草榴社区 Editorial Staff

Apr 05, 2024 / 4 min read

While we don’t yet know the full impact that AI will make on chip design, one thing is for certain: the impact will be far-reaching, with potential to transform engineering productivity and the chips themselves. This transformation comes at an opportune time, given the conflicting pressures of increasing compute demands on chips coupled with engineering talent shortages.

Since we’re in the early stages of this AI journey in the semiconductor industry, there’s no shortage of perspectives and questions raised around the topic. Some of these thoughts were covered during a lunchtime panel that packed a ballroom at the Santa Clara Convention Center on the first day of SNUG Silicon Valley 2024.
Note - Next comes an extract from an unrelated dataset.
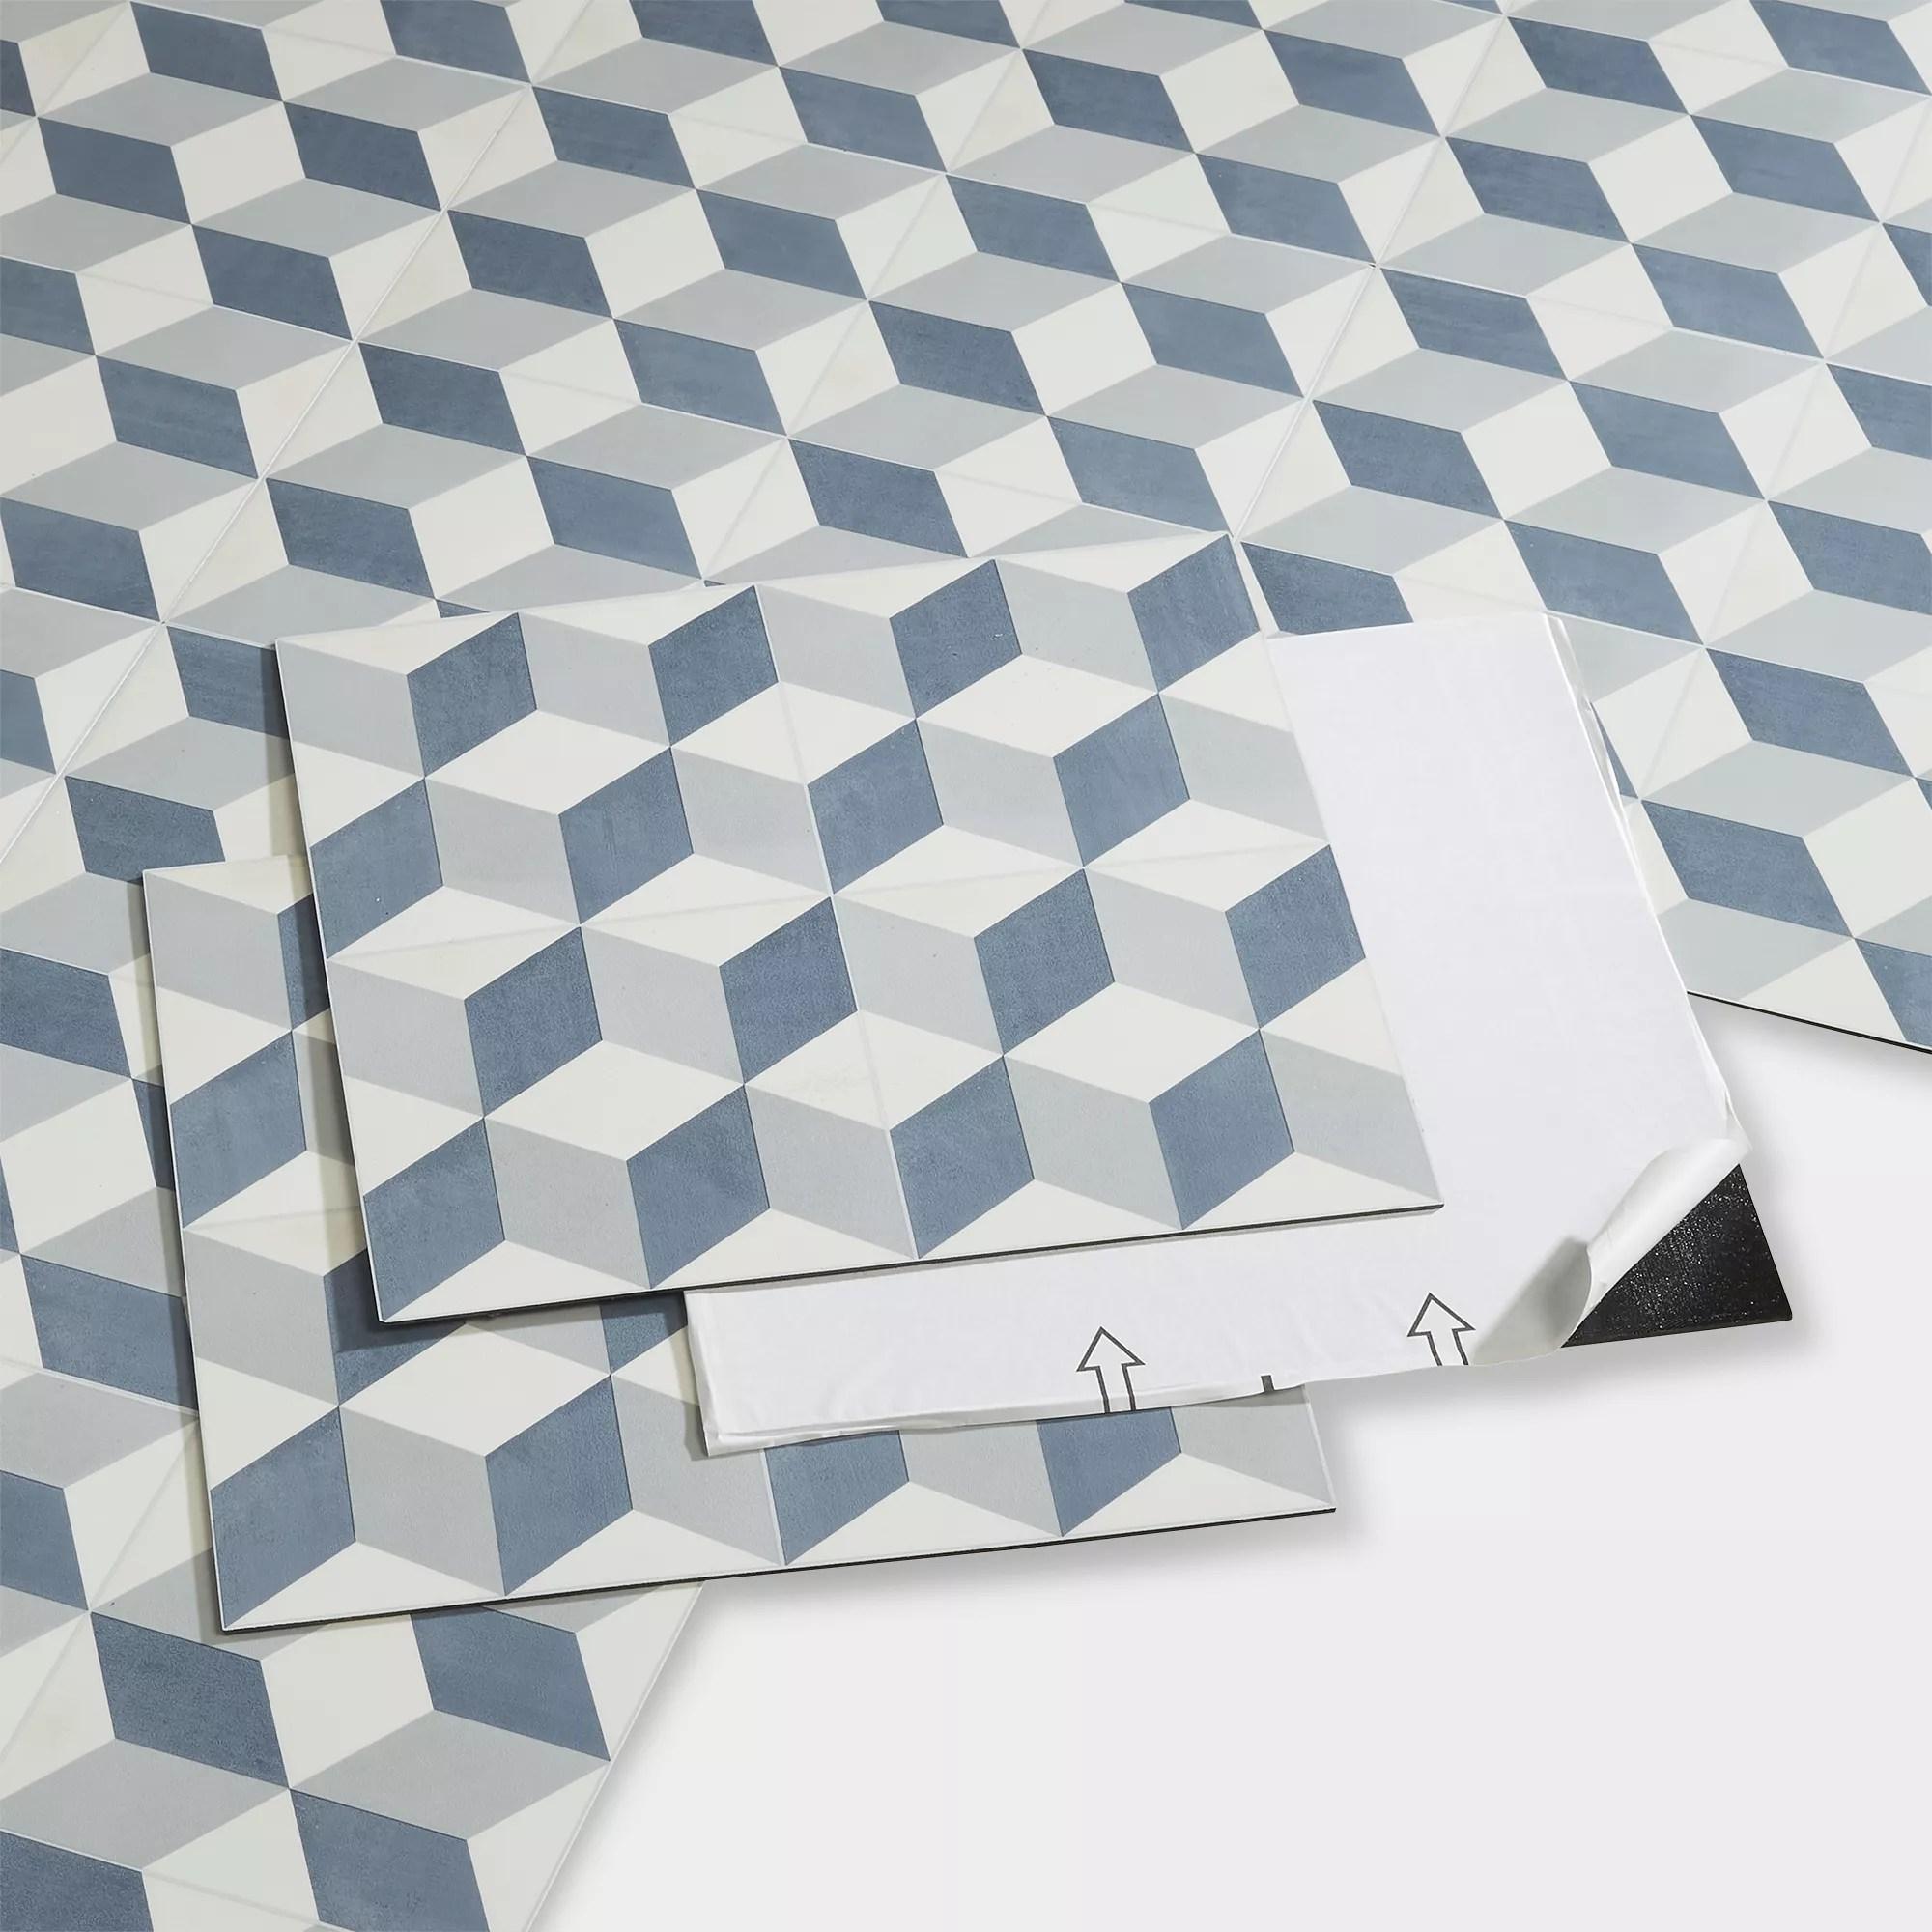 goodhome poprock blue geometric mosaic effect self adhesive vinyl tile pack of 14

Moderated by Dave Altavilla, co-founder and principal analyst at HotTech Vision, “AI-Driven Chip Design: Meeting the Challenges of Tomorrow” featured an esteemed roster of industry experts:

  • Prith Banerjee, CTO, Ansys
  • Silvian Goldenberg, partner and GM, Microsoft
  • Sabyasachi Sengupta, senior director, PDCAD, Intel
  • Kelvin Low, VP, Market Intelligence, Marcom, Strategy and Business Development, Samsung Foundry
  • Thomas Andersen, VP of AI and ML, 草榴社区

Altavilla solicited viewpoints on issues ranging from future possibilities with generative AI (GenAI) to the impact of AI on engineering jobs. Read on for a recap of the panel. 
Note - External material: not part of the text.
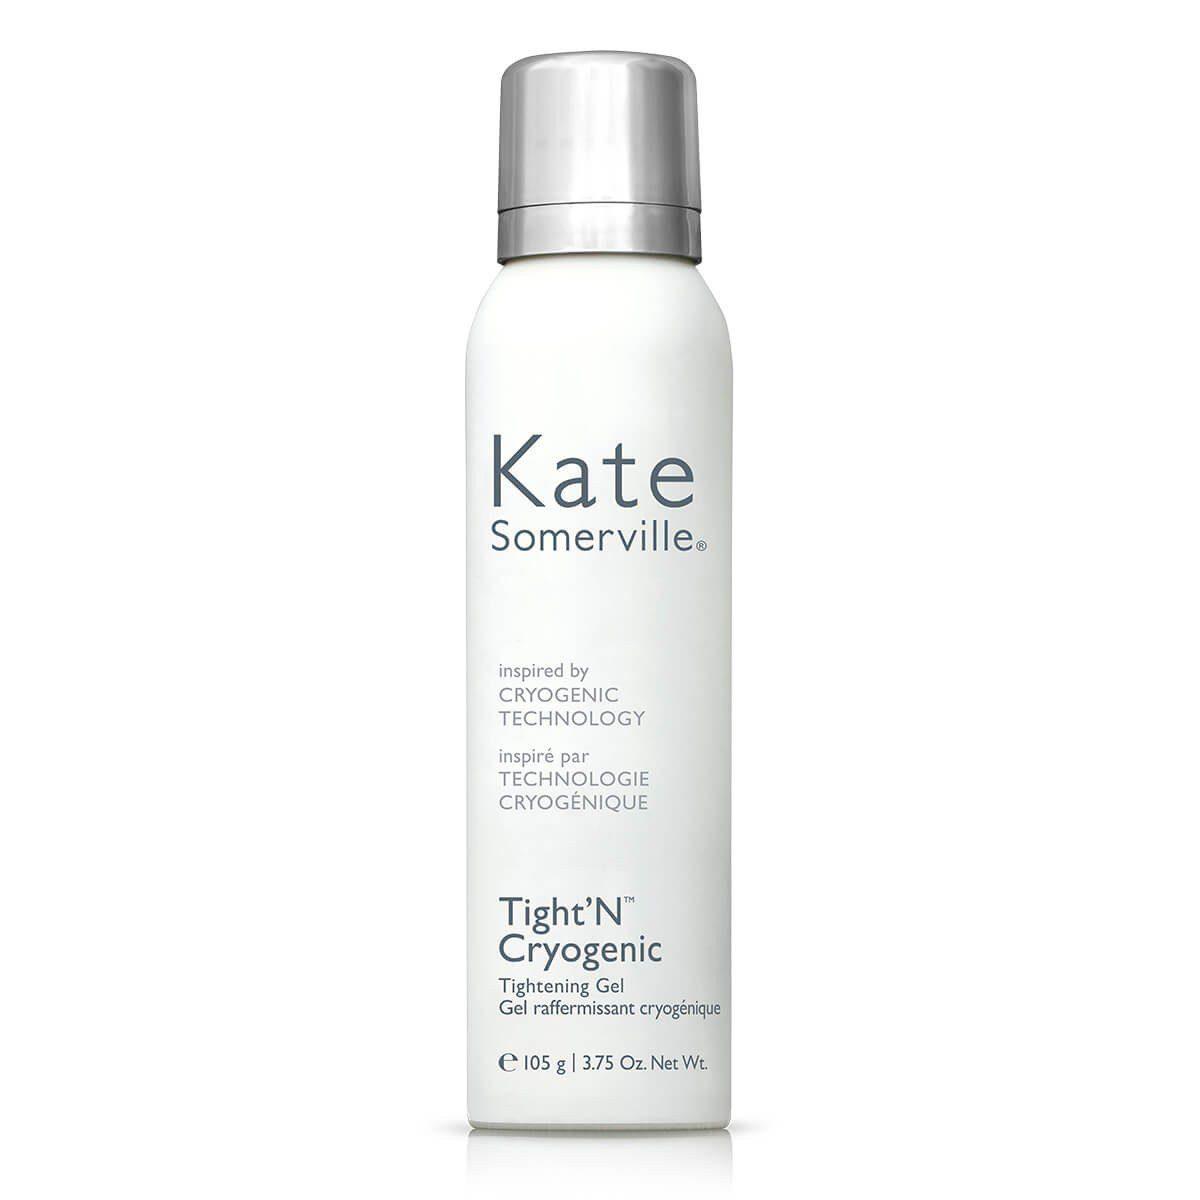 kate somerville-cryogenic-technology-gel-tightening-bottle

ai eda tools snug silicon valley 2024

At SNUG Silicon Valley 2024, panelists discussed and debated the impacts and opportunities of AI in chip design.

Faster, Better Decision Making

Much like how touchscreens have created more natural ways to interact with mobile devices, large language models (LLMs) are providing a natural way to interact with some collection of processing power in the background, noted Sengupta. How this will evolve is hard to say at this time, he said, but engineers will undoubtedly tap into their creative minds to bring new possibilities to the forefront.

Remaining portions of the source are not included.